Five regimes describe USO-vs-XLE through commodity cycles. Regime 1 (commodity supercycle 2003-2007): both rallied massively; USO outperformed XLE by 40+ percentage points cumulatively due to pure commodity leverage. Regime 2 (2008-2014 post-GFC + shale revolution): USO collapsed (oil $147 to $26) while XLE held up better through dividend yield and operational hedges. Regime 3 (2014-2020 commodity bust): USO lost 80+ percent of value (compounded contango drag); XLE held up better through dividend yield (~5 percent during this period). Regime 4 (2020-2024 reflation + Russia-Ukraine): mixed performance with occasional USO outperformance during sharp rallies. Regime 5 (current 2024-2026 capital discipline era): XLE outperforming USO by 15 percentage points cumulatively.

The long-run pattern: USO outperforms during sharp oil rallies (commodity supercycles).

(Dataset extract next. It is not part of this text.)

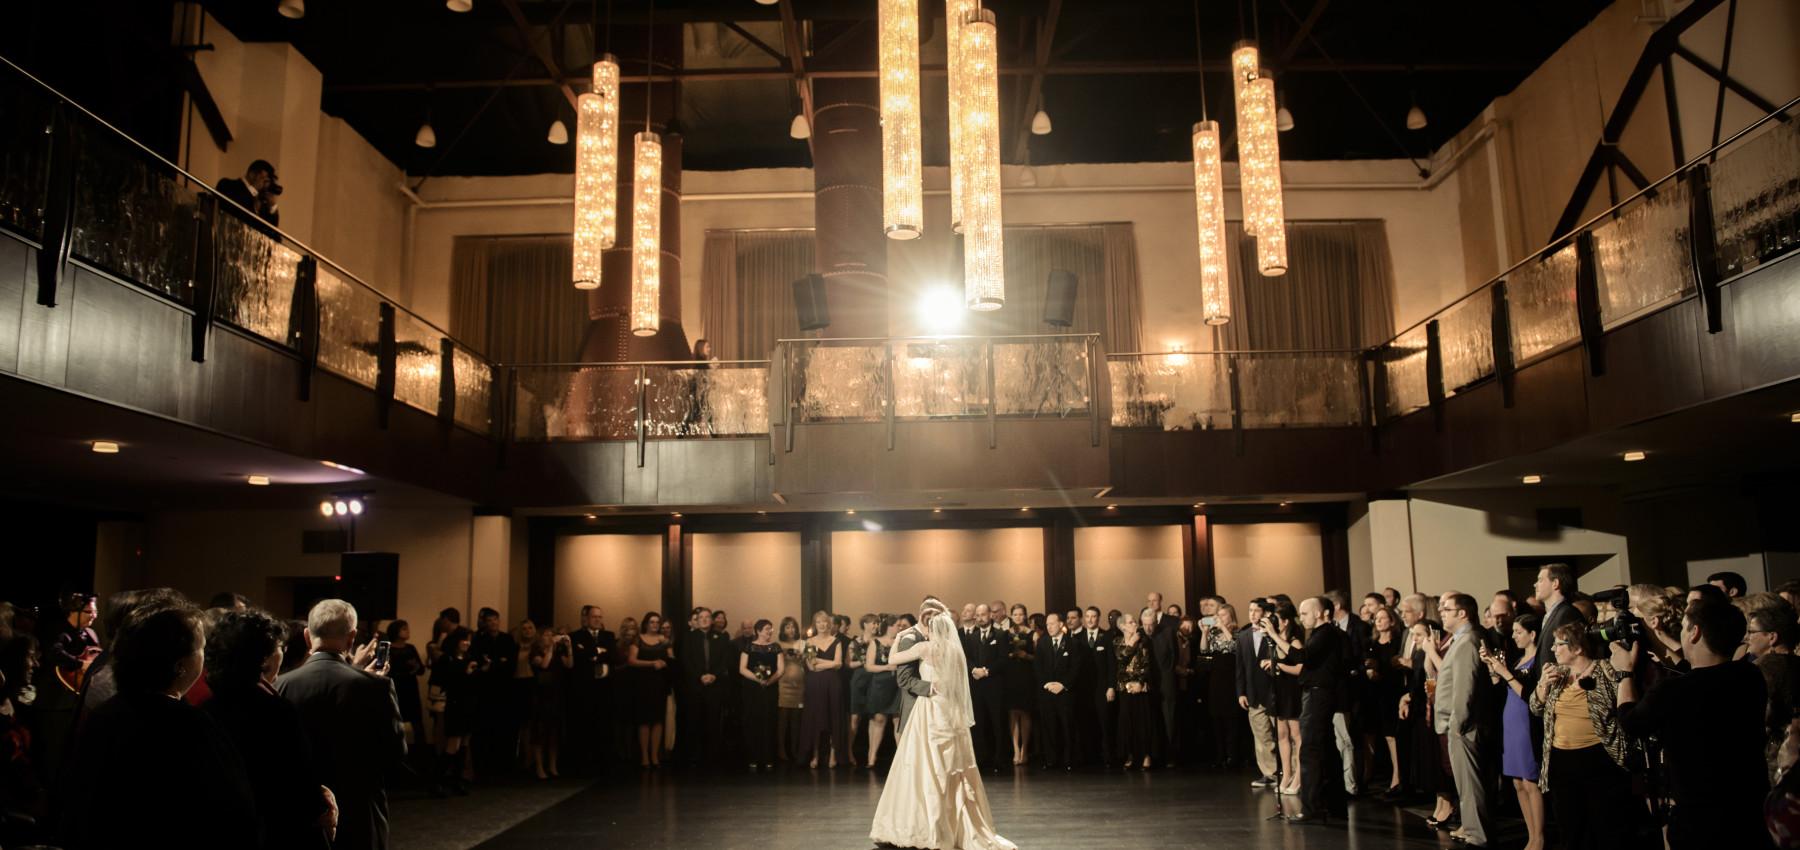 Cupola ballroom mezzanine phoenixville foundry - American history x dinner table scene ...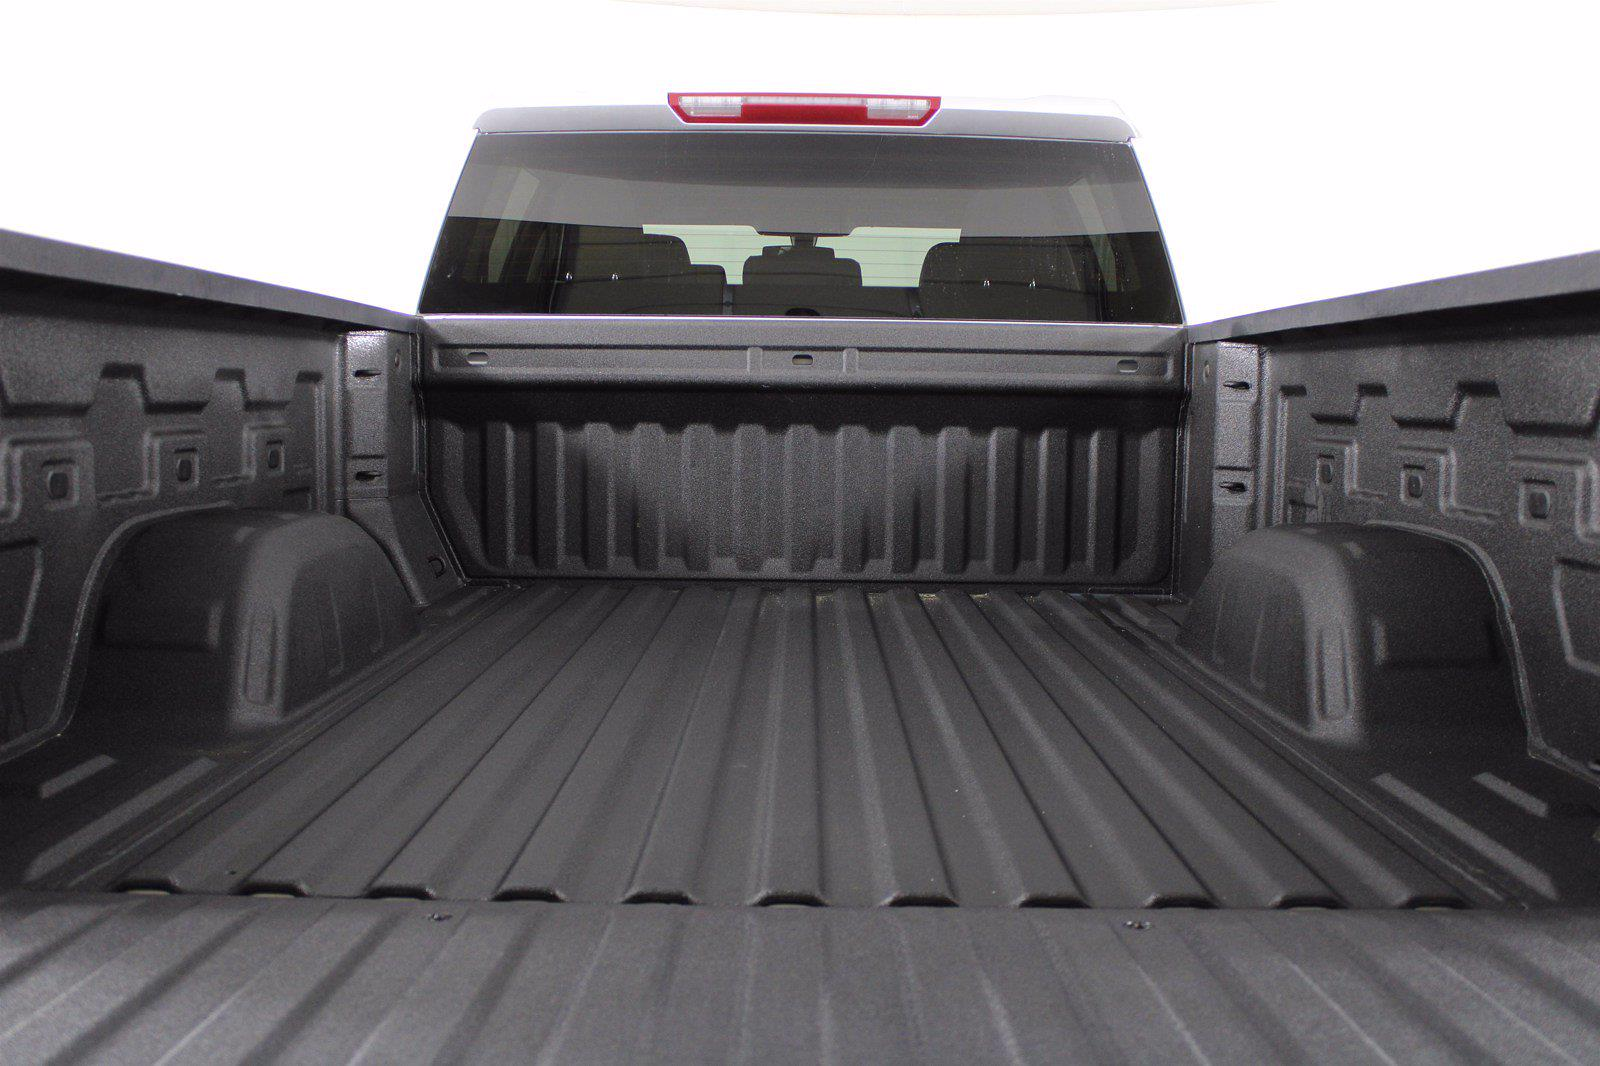 2020 Chevrolet Silverado 1500 Crew Cab 4x4, Pickup #D110855A - photo 2

XLE outperforms during stable or declining oil environments (dividend yield + structural advantages). The current 2024-2026 setup favors XLE through capital discipline era.

How the Pair Performs in Recessions

Recession history shows extreme USO underperformance. 2008-09 GFC: USO -77 percent peak-to-trough vs XLE -50 percent (USO 27pp underperformance reflects compounded losses including roll cost during low-oil environment). 2020 COVID: USO -85 percent (contract briefly negative on April 20 2020 with -$37 settlement) vs XLE -67 percent (USO 18pp underperformance). 2014-2016 commodity bust: USO -75 percent vs XLE -40 percent (USO 35pp underperformance, the most extreme).

The pattern: USO underperforms XLE substantially in oil-price collapses because (1) pure commodity exposure has no dividend yield to cushion downside, (2) contango compounds losses during oil-price-collapse periods. XLE has dividend yield (~3.5-5 percent through cycle) plus capital discipline buybacks providing downside cushion.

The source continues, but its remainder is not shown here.